12. The interface apparatus of claim 11, further comprising a coupling plane, the coupling plane comprising the plurality of first connectors and the plurality of second connectors arranged in a plurality of rows.
13. The interface apparatus of claim 11, wherein:
the interface apparatus has an annular shape with an inner edge and an outer edge; and
a portion of the plurality of connectors is arranged in a curved line between the inner edge and the outer edge.
14. A method for testing a device, comprising:
executing a plurality of test instructions in a processor in an automatic tester not having a radio frequency module and a high speed data module, the plurality of test instructions operable to test a device;
generating a plurality of test signals associated with the plurality of test instructions in a test assembly including a radio frequency module and a high speed data module; and
communicating the plurality of test signals to the device using an interface apparatus, the interface apparatus comprising a plurality of connectors, each connector operable to communicate at least one signal of the plurality of test signals.
15. The method of claim 14, wherein the plurality of test signals comprises a radio frequency signal and a high speed digital signal.
16. The method of claim 14, wherein the plurality of test signals comprises a radio frequency signal and a high speed digital signal, and further comprising:
communicating the radio frequency signal at a first connector of the plurality of connectors; and
communicating the high speed digital signal at a second connector of the plurality of connectors.
17. The method of claim 14, wherein the interface apparatus comprises a coupling plane, the coupling plane comprising the plurality of connectors arranged in a plurality of rows.

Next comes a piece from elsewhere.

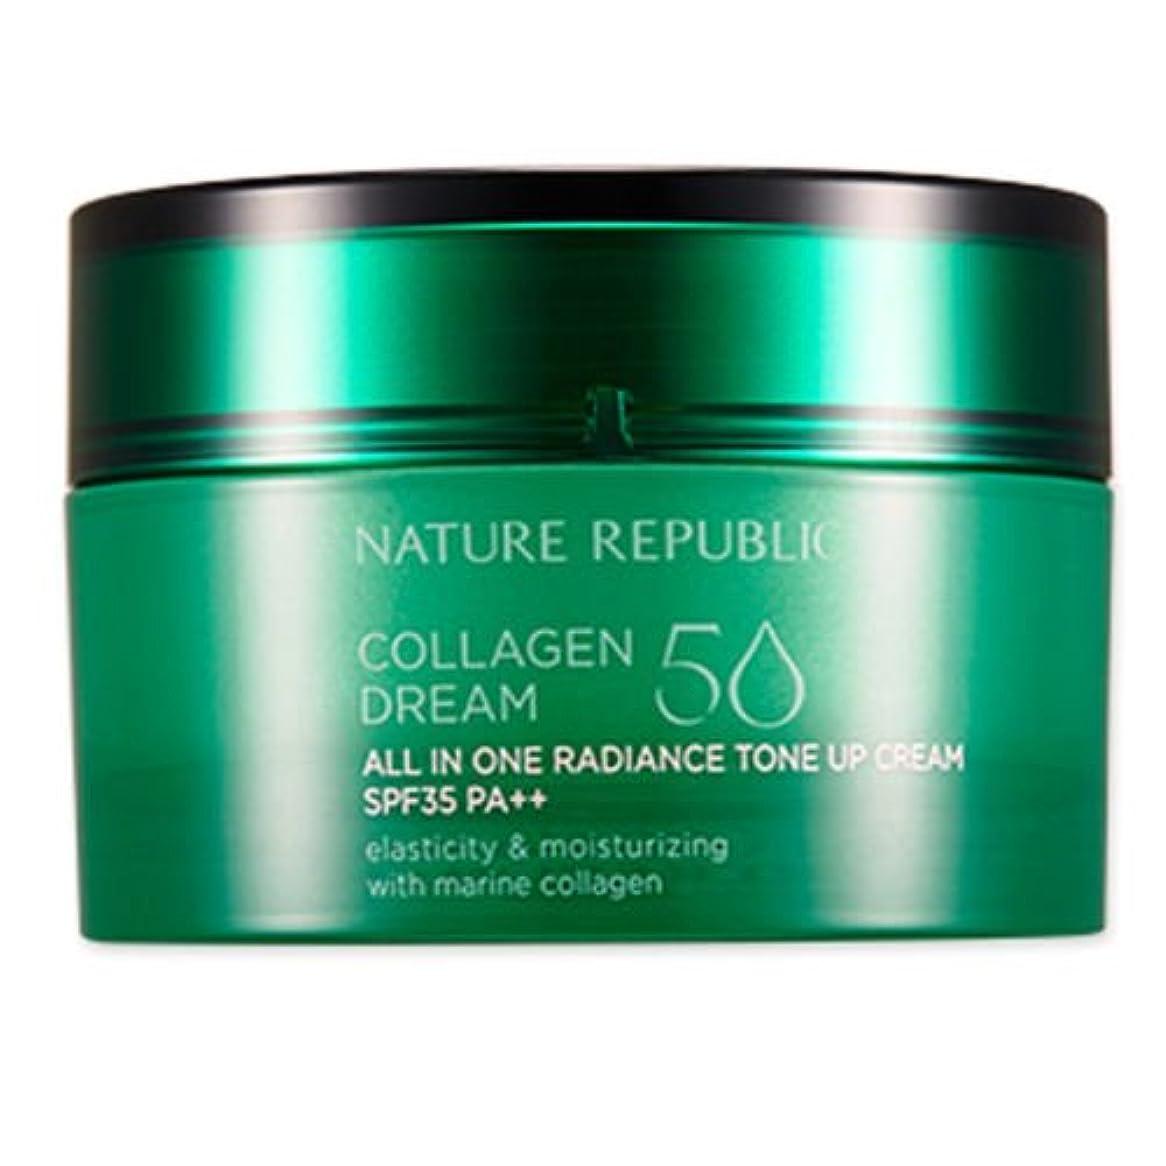 アマゾンジャングル排泄物幸運なことにNATURE REPUBLIC Collagen Dream 50 All-In-One Radiance Tone Up Cream(SPF35PA++) ネイチャーリパブリック [韓国コスメ ] コラーゲンドリーム50...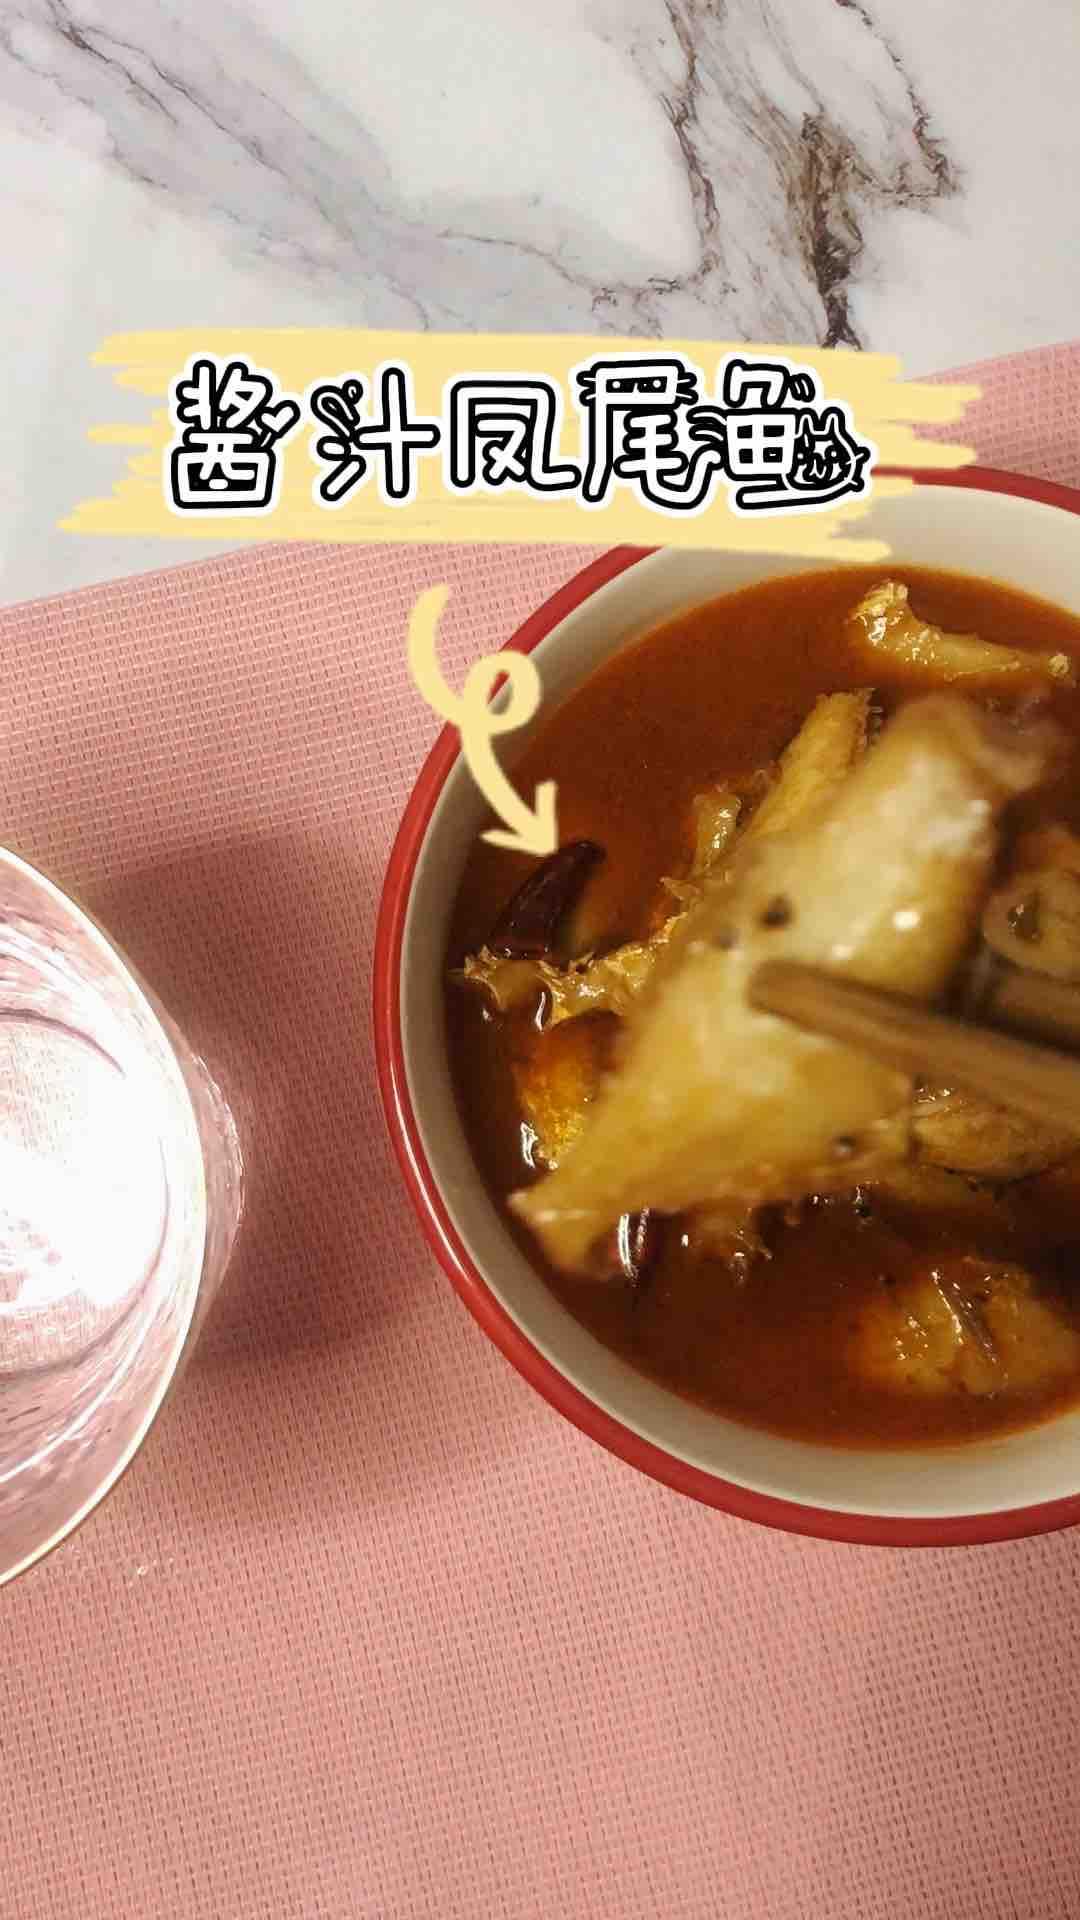 酱汁凤尾鱼的做法

18. The method of claim 14, wherein:
the interface apparatus has an annular shape with an inner edge and an outer edge; and
a portion of the plurality of connectors is arranged in a curved line between the inner edge and the outer edge.

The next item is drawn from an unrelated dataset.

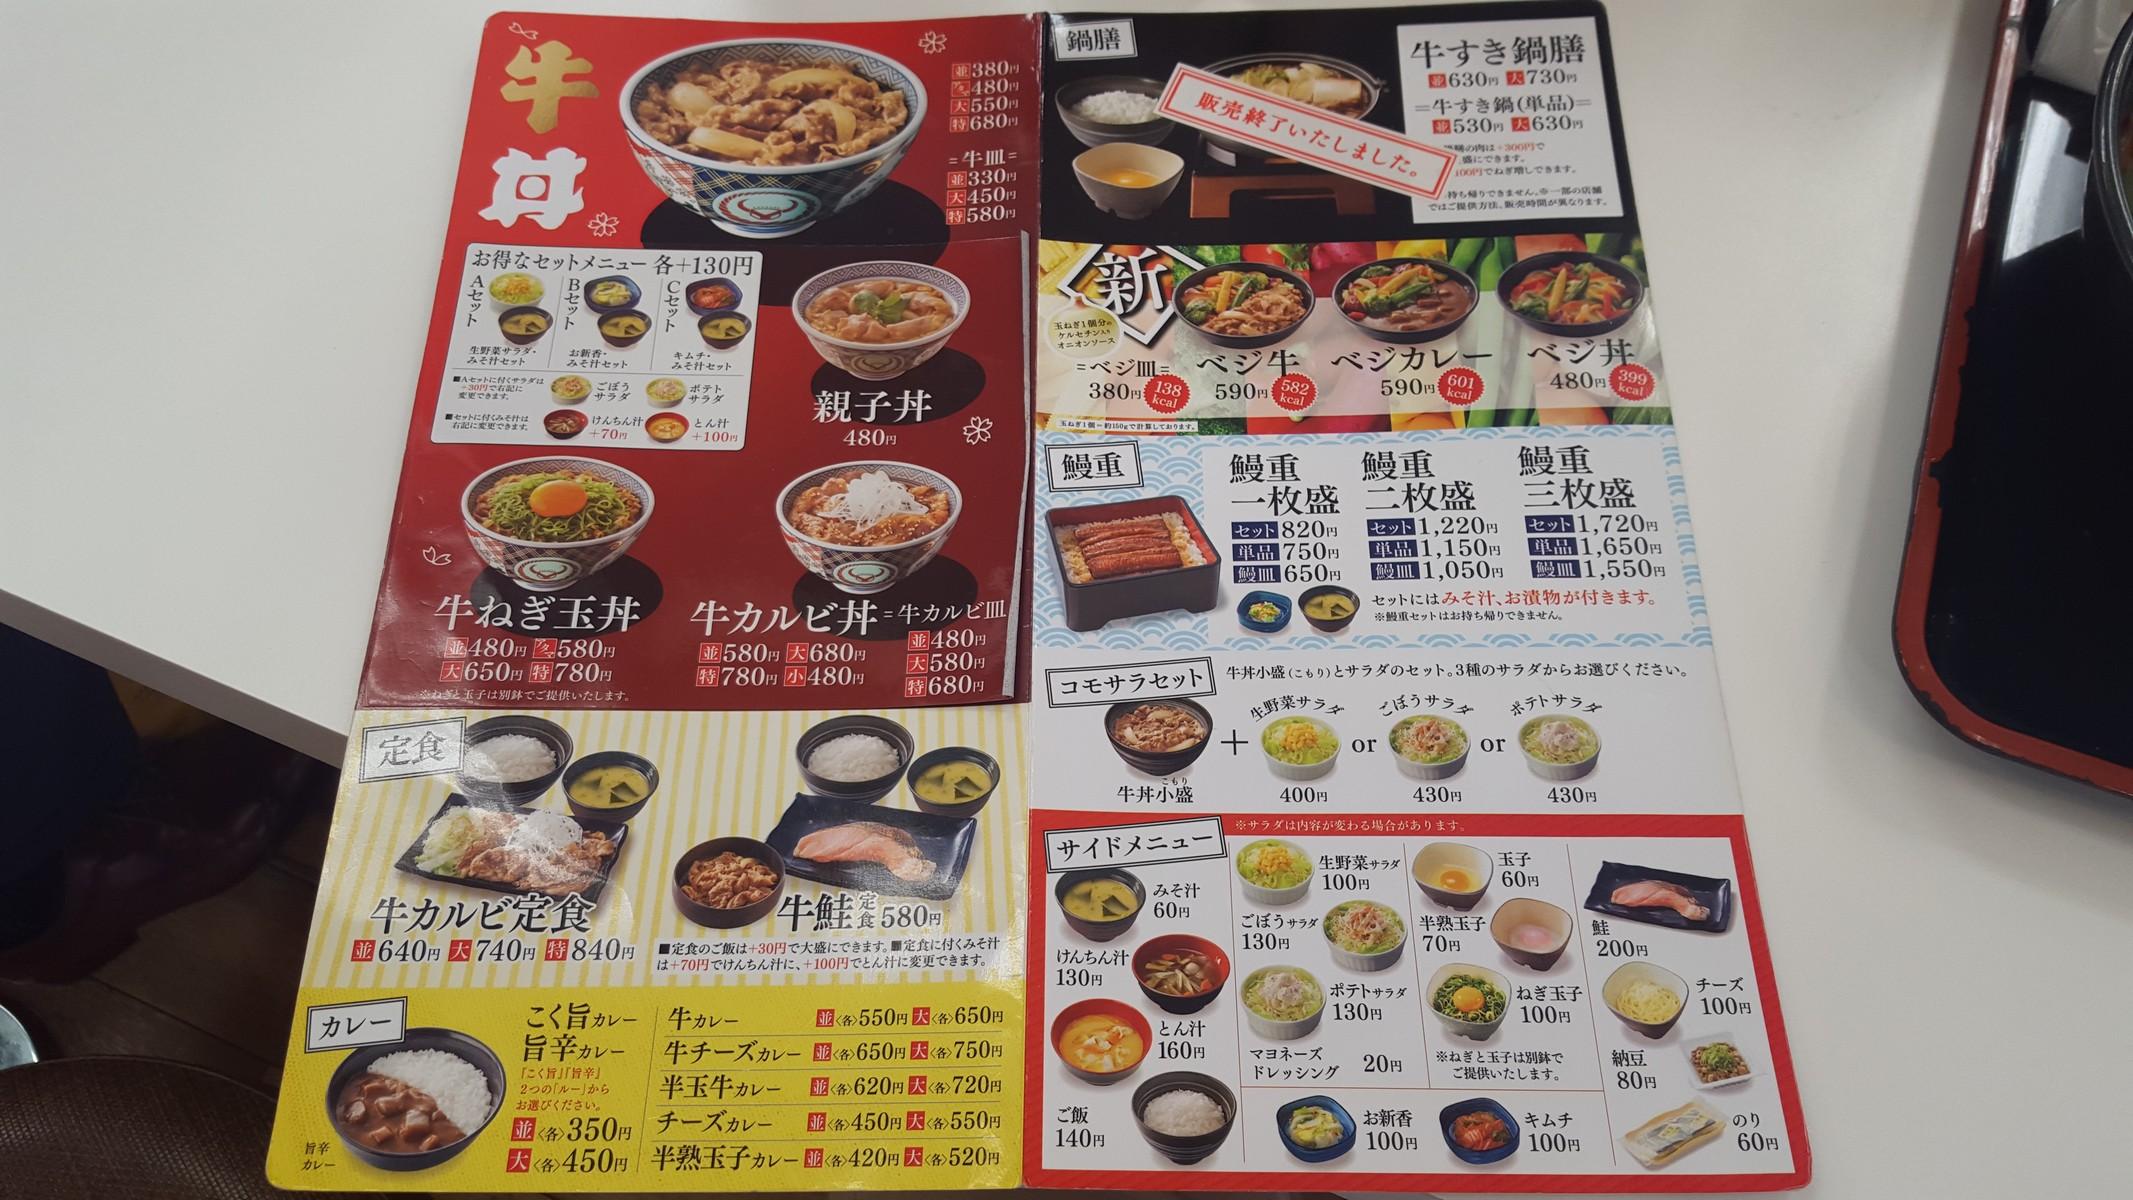 メニュー【吉野家 JR神田駅店/神田】

19. A system for testing a device, comprising:
a processor in an automatic tester, which does not include a radio frequency module and a high speed data module, operable to execute a plurality of test instructions, the plurality of test instructions operable to test a device; and
a test assembly including a high speed data (HSD) module and a radio frequency (RF) module operable to generate a plurality of test signals associated with the plurality of test instructions, the plurality of test signals comprising a radio frequency signal and a high speed digital signal, located at a test assembly comprising a movable rack, the movable rack operable to transport the test assembly from a first location to a second location; and move the test assembly from a first height to a second height;
an interface apparatus coupled to the processor and operable to communicate the plurality of test signals to the device, the interface apparatus comprising a coupling plane, the coupling plane comprising a plurality of connectors arranged in a plurality of rows, the interface apparatus having an annular shape with an inner edge and an outer edge, a portion of the plurality of connectors arranged in a curved line between the inner edge and the outer edge, each connector of the plurality of connectors operable to communicate at least one signal of the plurality of test signals, the plurality of connectors comprising a first connector operable to communicate the radio frequency signal and a second connector operable to communicate the high speed digital signal;
a plurality of test modules coupled to the processor, the plurality of test modules operable to transmit the plurality of test signals to the interface apparatus;
a test head coupled to the interface apparatus and operable to apply the plurality of test signals to the device; and
a handler coupled to the interface apparatus and operable to automatically position the device substantially proximate to the interface apparatus.